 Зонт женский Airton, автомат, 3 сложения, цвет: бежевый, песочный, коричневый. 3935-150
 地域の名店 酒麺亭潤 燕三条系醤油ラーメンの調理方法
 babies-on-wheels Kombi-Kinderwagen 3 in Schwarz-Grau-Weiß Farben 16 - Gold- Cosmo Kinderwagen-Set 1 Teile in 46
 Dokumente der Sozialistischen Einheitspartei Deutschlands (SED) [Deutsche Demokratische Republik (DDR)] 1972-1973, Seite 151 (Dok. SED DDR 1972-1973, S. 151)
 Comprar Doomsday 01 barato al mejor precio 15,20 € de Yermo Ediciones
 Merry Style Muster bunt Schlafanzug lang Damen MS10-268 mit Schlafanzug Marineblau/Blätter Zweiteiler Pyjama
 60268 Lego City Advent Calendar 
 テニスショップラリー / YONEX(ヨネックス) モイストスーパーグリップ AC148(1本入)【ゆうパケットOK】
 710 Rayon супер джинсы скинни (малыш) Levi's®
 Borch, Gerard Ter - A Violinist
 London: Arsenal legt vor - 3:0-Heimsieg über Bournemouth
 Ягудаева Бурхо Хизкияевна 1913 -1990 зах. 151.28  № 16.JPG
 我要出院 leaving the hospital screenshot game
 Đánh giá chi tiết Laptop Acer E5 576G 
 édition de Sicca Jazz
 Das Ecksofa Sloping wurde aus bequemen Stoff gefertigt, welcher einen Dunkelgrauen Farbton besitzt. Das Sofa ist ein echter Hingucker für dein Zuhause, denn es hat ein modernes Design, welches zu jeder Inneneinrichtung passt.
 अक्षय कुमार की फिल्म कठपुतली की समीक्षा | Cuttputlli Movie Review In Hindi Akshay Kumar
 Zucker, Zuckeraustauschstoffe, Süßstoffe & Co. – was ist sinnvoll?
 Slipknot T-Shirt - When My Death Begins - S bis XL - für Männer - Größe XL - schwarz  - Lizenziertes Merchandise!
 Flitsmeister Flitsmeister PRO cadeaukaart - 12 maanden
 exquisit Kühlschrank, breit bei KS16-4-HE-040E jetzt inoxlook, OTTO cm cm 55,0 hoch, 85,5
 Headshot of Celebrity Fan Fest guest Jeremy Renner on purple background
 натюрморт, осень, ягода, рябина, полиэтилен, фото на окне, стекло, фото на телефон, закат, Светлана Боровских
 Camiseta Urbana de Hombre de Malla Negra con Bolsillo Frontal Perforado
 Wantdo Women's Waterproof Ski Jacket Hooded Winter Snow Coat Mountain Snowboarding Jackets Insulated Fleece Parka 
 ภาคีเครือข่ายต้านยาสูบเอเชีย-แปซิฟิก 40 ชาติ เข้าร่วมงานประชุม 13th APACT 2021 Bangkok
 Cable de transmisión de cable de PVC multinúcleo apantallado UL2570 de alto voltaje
·····
Exercise details: Copy every record exactly.

Answer to this task:
 Зонт женский Airton, автомат, 3 сложения, цвет: бежевый, песочный, коричневый. 3935-150
 地域の名店 酒麺亭潤 燕三条系醤油ラーメンの調理方法
 babies-on-wheels Kombi-Kinderwagen 3 in Schwarz-Grau-Weiß Farben 16 - Gold- Cosmo Kinderwagen-Set 1 Teile in 46
 Dokumente der Sozialistischen Einheitspartei Deutschlands (SED) [Deutsche Demokratische Republik (DDR)] 1972-1973, Seite 151 (Dok. SED DDR 1972-1973, S. 151)
 Comprar Doomsday 01 barato al mejor precio 15,20 € de Yermo Ediciones
 Merry Style Muster bunt Schlafanzug lang Damen MS10-268 mit Schlafanzug Marineblau/Blätter Zweiteiler Pyjama
 60268 Lego City Advent Calendar 
 テニスショップラリー / YONEX(ヨネックス) モイストスーパーグリップ AC148(1本入)【ゆうパケットOK】
 710 Rayon супер джинсы скинни (малыш) Levi's®
 Borch, Gerard Ter - A Violinist
 London: Arsenal legt vor - 3:0-Heimsieg über Bournemouth
 Ягудаева Бурхо Хизкияевна 1913 -1990 зах. 151.28  № 16.JPG
 我要出院 leaving the hospital screenshot game
 Đánh giá chi tiết Laptop Acer E5 576G 
 édition de Sicca Jazz
 Das Ecksofa Sloping wurde aus bequemen Stoff gefertigt, welcher einen Dunkelgrauen Farbton besitzt. Das Sofa ist ein echter Hingucker für dein Zuhause, denn es hat ein modernes Design, welches zu jeder Inneneinrichtung passt.
 अक्षय कुमार की फिल्म कठपुतली की समीक्षा | Cuttputlli Movie Review In Hindi Akshay Kumar
 Zucker, Zuckeraustauschstoffe, Süßstoffe & Co. – was ist sinnvoll?
 Slipknot T-Shirt - When My Death Begins - S bis XL - für Männer - Größe XL - schwarz  - Lizenziertes Merchandise!
 Flitsmeister Flitsmeister PRO cadeaukaart - 12 maanden
 exquisit Kühlschrank, breit bei KS16-4-HE-040E jetzt inoxlook, OTTO cm cm 55,0 hoch, 85,5
 Headshot of Celebrity Fan Fest guest Jeremy Renner on purple background
 натюрморт, осень, ягода, рябина, полиэтилен, фото на окне, стекло, фото на телефон, закат, Светлана Боровских
 Camiseta Urbana de Hombre de Malla Negra con Bolsillo Frontal Perforado
 Wantdo Women's Waterproof Ski Jacket Hooded Winter Snow Coat Mountain Snowboarding Jackets Insulated Fleece Parka 
 ภาคีเครือข่ายต้านยาสูบเอเชีย-แปซิฟิก 40 ชาติ เข้าร่วมงานประชุม 13th APACT 2021 Bangkok
 Cable de transmisión de cable de PVC multinúcleo apantallado UL2570 de alto voltaje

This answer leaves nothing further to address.